O coronel da reserva da PM também destacou que é importante levar em consideração na análise o contexto social existente no Rio de Janeiro, impregnado pela discriminação racial e social. Questionado sobre seu posicionamento em relação à legalização das drogas, o coronel Jorge da Silva criticou o modelo de combate ao tráfico de drogas utilizado no Rio. “Não se acaba com o tráfico acabando com os traficantes. A questão das drogas que deveria ser social virou caso de polícia. Se regularizassem alguns entorpecentes teríamos muito menos mortes na guerra contra as drogas. Aqui funciona um modelo macabro de matança da juventude e de negros e pobres. A discussão da UPP está ligada a todas essas questões, como o racismo estrutural”, defende.

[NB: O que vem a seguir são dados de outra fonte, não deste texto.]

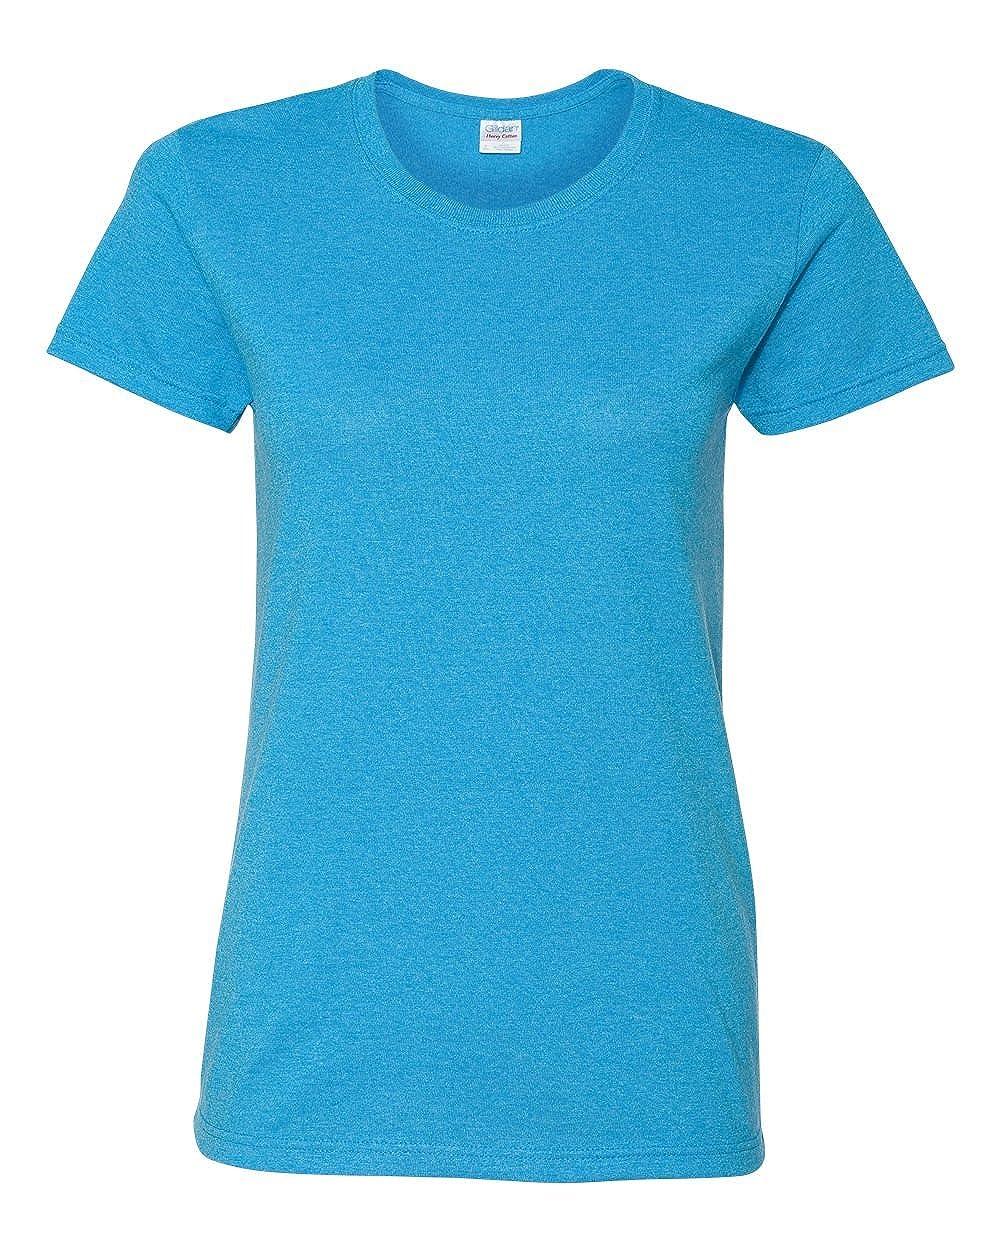 Heather Sapphire Gildan Womens 5.3 oz. Heavy Cotton Missy Fit TShirt G500L (Pack of 12)

O jornalista Ancelmo Gois citou a educação como elemento essencial para reverter esse quadro e trouxe para o debate a questão do poder econômico, que, na sua opinião, influencia certas ações. Por sua vez, o militar entrevistado destacou que os rótulos são dados às pessoas de acordo com a classe social a que pertencem. “O rico que vende drogas é chamado pela mídia de jovem de classe média e não de traficante. Por que? Há um arquétipo no Brasil que denomina de traficante somente o pobre e oriundo da favela”, opina o coronel, acrescentando que há uma espécie de cultura do oportunismo na sociedade. “Os policiais que se formam tem ido para as UPPs da capital, desguarnecendo outras localidades. É a história do ‘farinha pouca, meu pirão primeiro’. Quem tem mais poder e voz na sociedade consegue canalizar esforços e recursos para sua área. Por isso, tiro meu chapéu para o atual governo porque eles estão procurando redistribuir e equalizar esse efetivo por todo o estado”, elogia.

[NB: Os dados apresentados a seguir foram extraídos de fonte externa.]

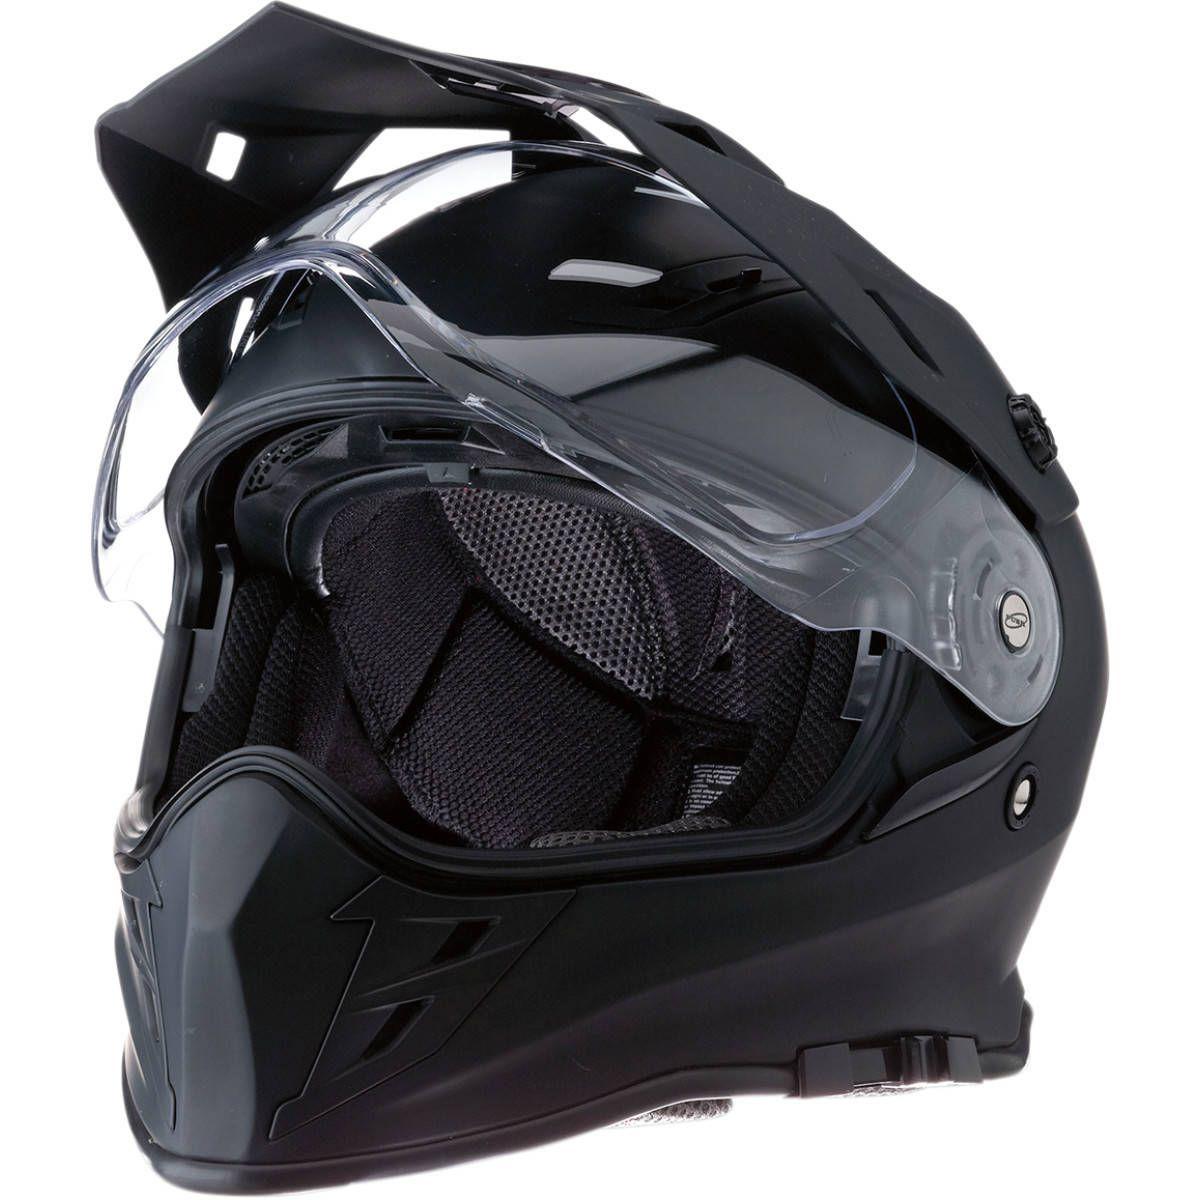 range-dual-sport-helmet-matte-black-xs-0101-10868--1

A corrupção também foi tema de reflexão durante o ‘Conte Algo que Não Sei’. Jorge da Silva disse que é muito difícil estimular jovens pobres a seguirem o caminho da legalidade. “Quem deveria dar o exemplo no país é justamente quem está envolvido nos esquemas de corrupção. Então fica difícil convencer as pessoas de que têm que largar esse modo de ganhar dinheiro fácil”, explicou.
O desembargador Siro Darlan e o juiz da 2ª Vara de Família de Madureira, Luís Carlos Veloso, participaram do evento como espectadores. Ao final da entrevista, o desembargador leu o relato de uma moradora de comunidade contando que todos os dias morrem policiais, bandidos e moradores e que as crianças têm medo da polícia. O magistrado defendeu que moradores de áreas com UPPs também precisam ser ouvidos em debates como esse promovido pelo Poder Judiciário. “Continuamos cometendo o mesmo erro. Coloca polícia para resolver problema social. Isso se resolve com escola, posto de saúde, lazer, respeito e dignidade”, opina Darlan.

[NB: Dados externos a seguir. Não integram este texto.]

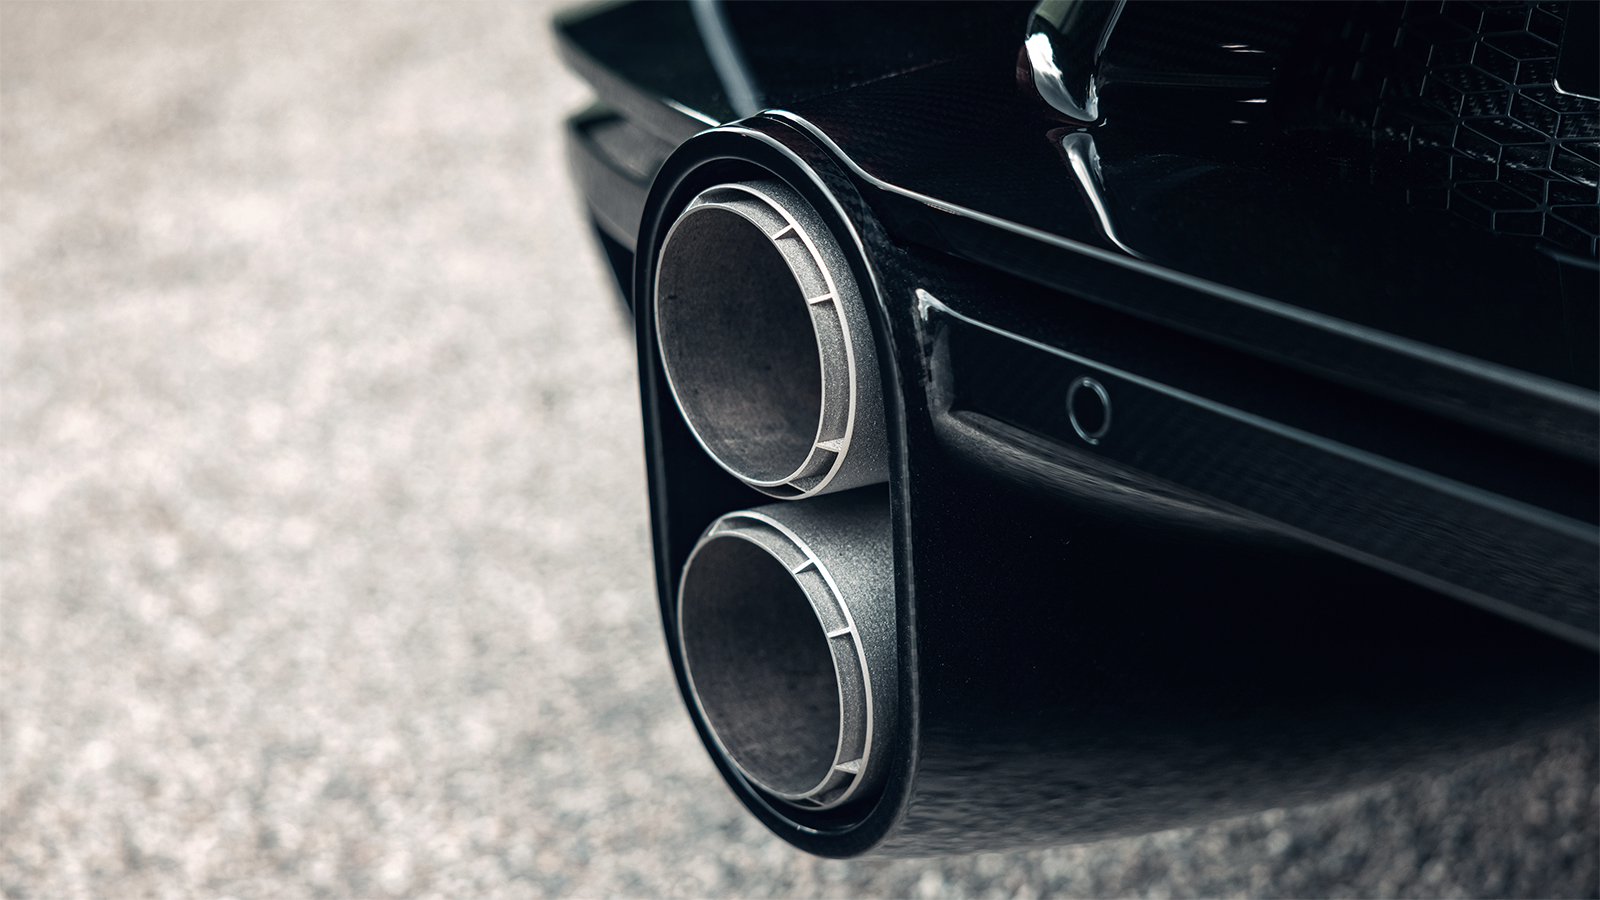 03-07_bugatti_chiron_super_sport_molsheim_front_rear_exhaust.jpeg

Já o juiz Luís Carlos Veloso, que faz um trabalho social com jovens de comunidades carentes e também tem origem humilde, disse que falta aproximação da polícia com a população. “O que eu acredito que precisa ser feito é que a polícia precisa se aproximar mais da comunidade para que seus anseios sejam ouvidos”.
O projeto “Conte Algo que Não Sei” é inspirado na coluna do jornal O Globo e idealizado pelo professor e historiador Joel Rufino dos Santos, diretor-geral de Comunicação e de Difusão do Conhecimento (DGCOM) do TJRJ.